Saturday, April 18, 2026

Scoresby Sund and Ittoqqortoormiit

Ittoqqortoormiit, the northeastern coast's only settlement
Holm Bugt was our final stop in the Kong Oscar/Kejser Franz Joseph Fjord system. After that visit, the ship pulled out into the open sea for a brief trip south to the world's biggest fjord system, Scoresby Sund.

We had multiple stops planned for Scoresby Sund
Located on the east coast, Scoresby Sund has a tree-like structure, with a main body approximately 68 miles long and branches covering 14,700 square miles. The longest of fjord extends 210-220 miles inland. The depth is 1,300-2,000 feet in the main basin, but depths increase to up to 4,760 feet in some of the ancillary fjords.

A BIG iceberg in the Sund
The name of the fjord honors English explorer William Scoresby, who in 1822 mapped the area in detail. "Sund" or "Sound" means "strait," which is commonly used to describe narrow waterways between landmasses.

Scoresby isn't that narrow (that's Scott admiring the Sund)
Scoresby Sund lies between Jameson Land to the north and King Christian IX Land to the south. To the west beyond Milne Island is the Renland Peninsula. The land surrounding the fjord is mostly mountainous, with steep rising edges. The mouth is 18 miles wide. Its southern part has a steep wall of basalt 3,300 to 6,600 feet tall, and the northern side is lower and more rounded.

Map provided by Ittoqqortoormiit 
On the northern side of the mouth of the Scoresby Sund stands Ittoqqortoormiit.

This would be our next stop
Scoresby's main basin, Hall Bredning, splits into multiple branches, including Fønfjord, Røde Fjord, Vestfjord, Gåsefjord, Hurry Inlet, Øfjord, Hare Fjord, Rype Fjord, Snesund, Nordvestfjord and Flyver Fjord. Between Øfjord and Fønfjord lies the largest island of the system, Milne Land, with an area of 1,511 square miles. Other islands are Storo and Sorte Øer off the northwestern shore of Milne Land, Rode Ø further south in Røde Fjord, Danmark Ø off Milne Land's southern coast and Bjørneøer off the northeastern headland of Milne Land. 

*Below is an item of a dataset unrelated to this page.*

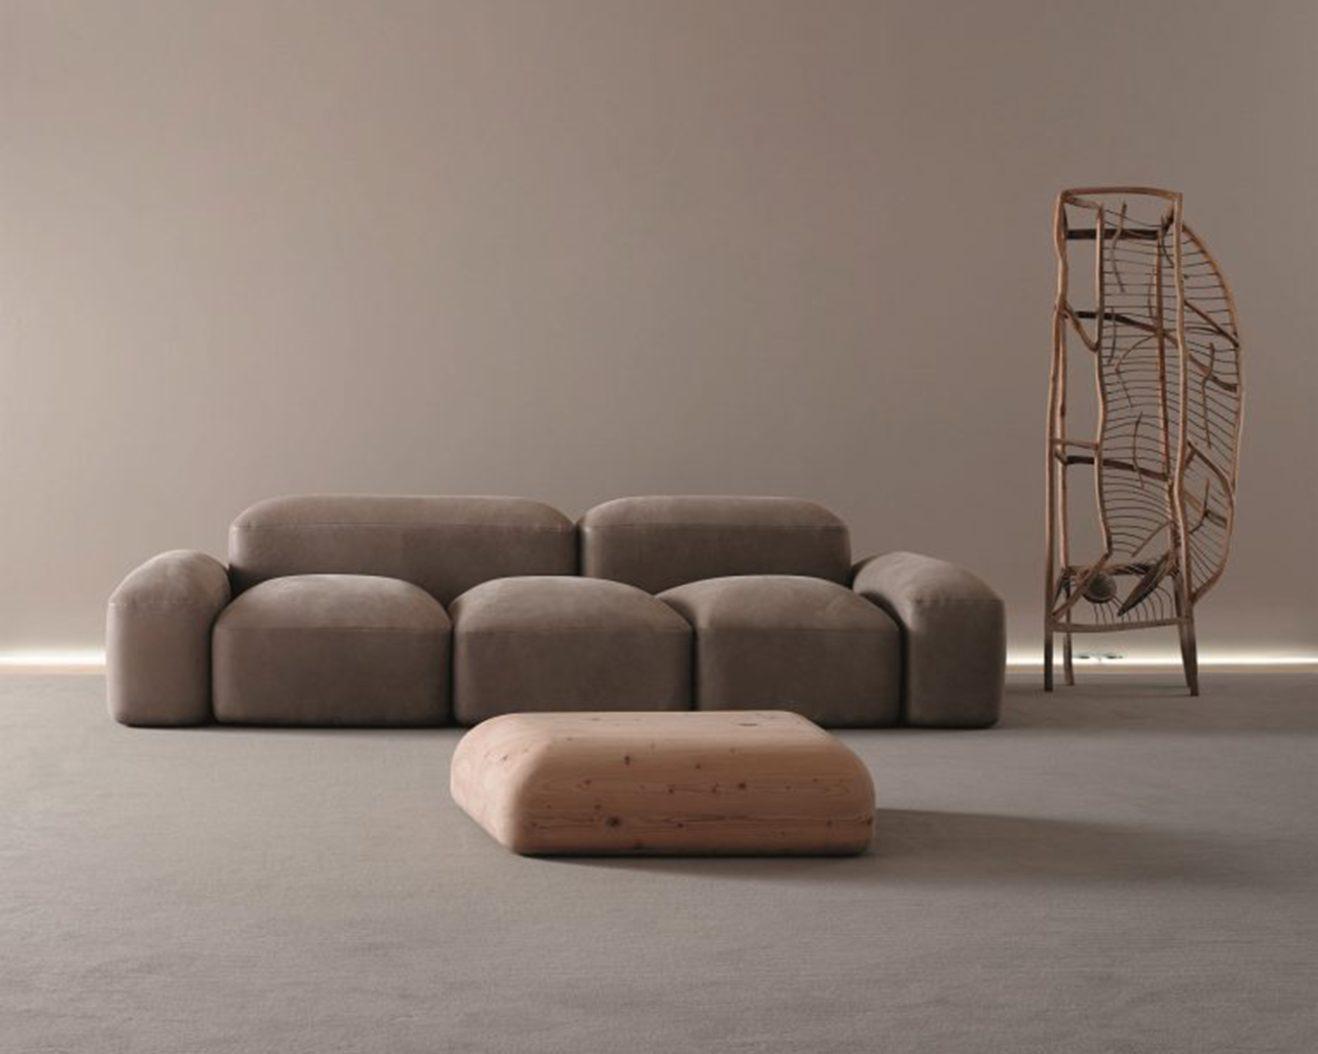 Lapis-sofa-amuralab-emanuel-gargano-2-1

Late day on Scoresby Sund; Photo: Scotty Sinton
The plant life in the region is unusually rich for Greenland because of availability of open water in the mouth with protection from the winds by the high sides, relatively fertile land and with polynyas that do not freeze even in winter.

Narwhals in a polynya; Photo: Paul Nicklen
Polynyas are large, persistent areas of open water or thin ice surrounded by dense, winter sea ice, that act as critical oases in Arctic and Antarctic ecosystems.

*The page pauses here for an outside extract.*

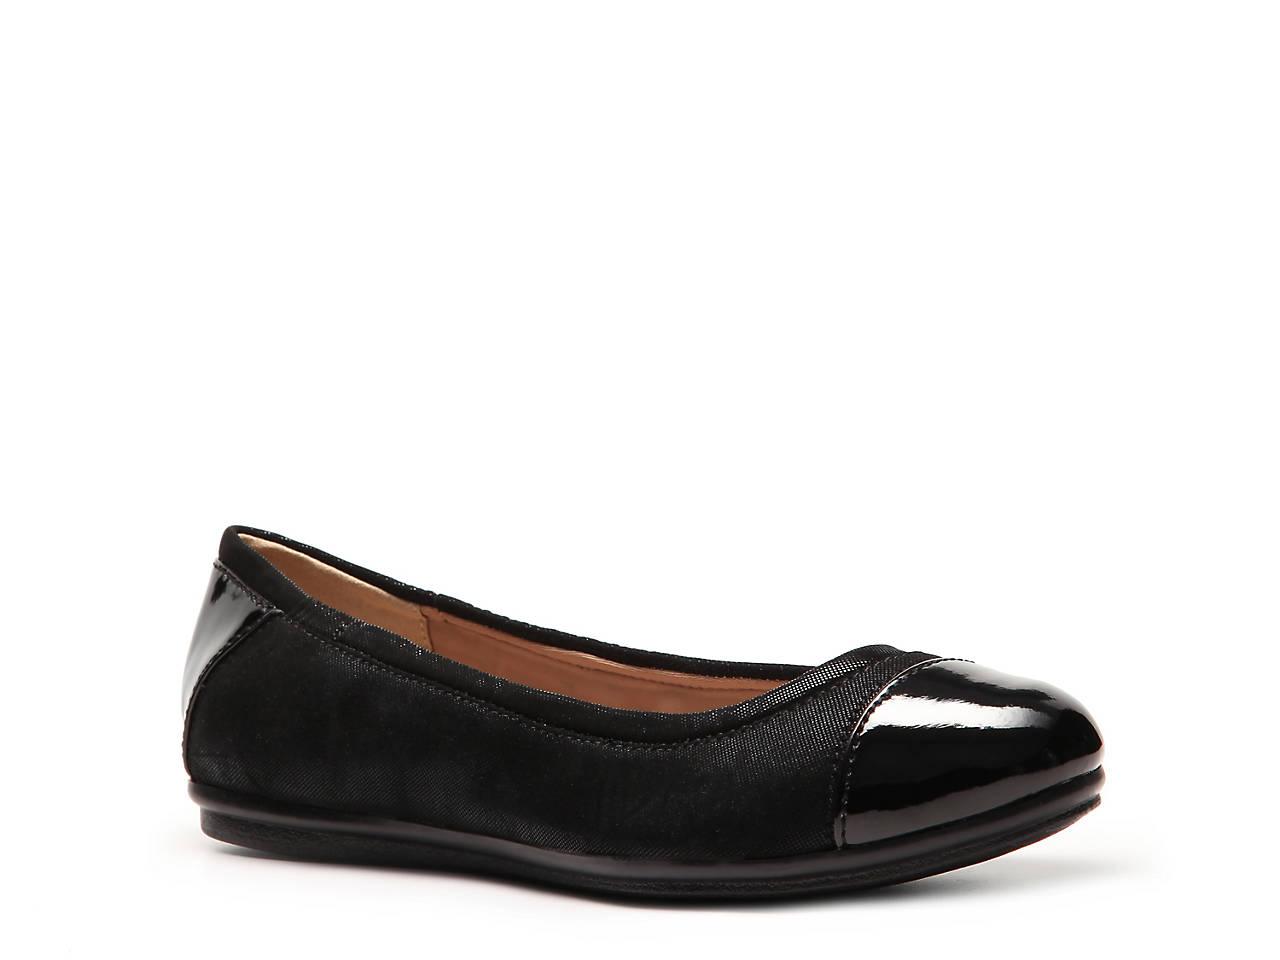 21b95e3170 Easy Spirit Gessica Ballet Flat Women's Shoes | DSW

The articles said plant life; not sure I saw any!
The land animals include the usual: Muskox, Arctic Fox, Ermine (also called Stoats), Arctic Hare and Lemming. Reindeer and Arctic Wolf used to live in the area, but disappeared around the early 20th century.

Large numbers of birds migrate to Scoresby in the summer, often breeding in colonies with millions of individuals, but they were long gone by September. 

A flock of Black-legged Kittiwakes still hanging around
We saw Ravens there, too; Photo: Scotty Sinton
Marine animals of the area include Arctic Char, Greenland Halibut, Polar Cod, Cuttlefish, Wolf Fish and Greenland Shark, as well as Seals that feed on fish in winter and crustaceans in summer. Larger species include Atlantic Walrus, Narwhal and sometimes Beluga Whale.

Narwhal; Photo Arizona State University
The closest we got to Narwhal was a horn on display in a home in Ittoqqortoormiit
Ittoqqortoormiit
Located on Liverpool Land east of Hurry Inlet and near the mouth of the northern shore of the Kangertittivaq Fjord, Ittoqqortoormiit is the only permanent settlement in the region, with a population of less than 350. 

Ittoqqortoormiit
The population has fluctuated over the past three decades, decreasing about 35 percent since 2006.

Ittoqqortoormiit homes
It has been described as one of the most remote settlements on Earth. The nearest settlement in Greenland is Kulusuk, 516 miles away. Sandvík, Grímsey, Iceland, is actual closer at just 290 miles away (across often rough seas).

A lonely place
The community was founded in 1925 as Scoresby Sund by Ejnar Mikkelsen. 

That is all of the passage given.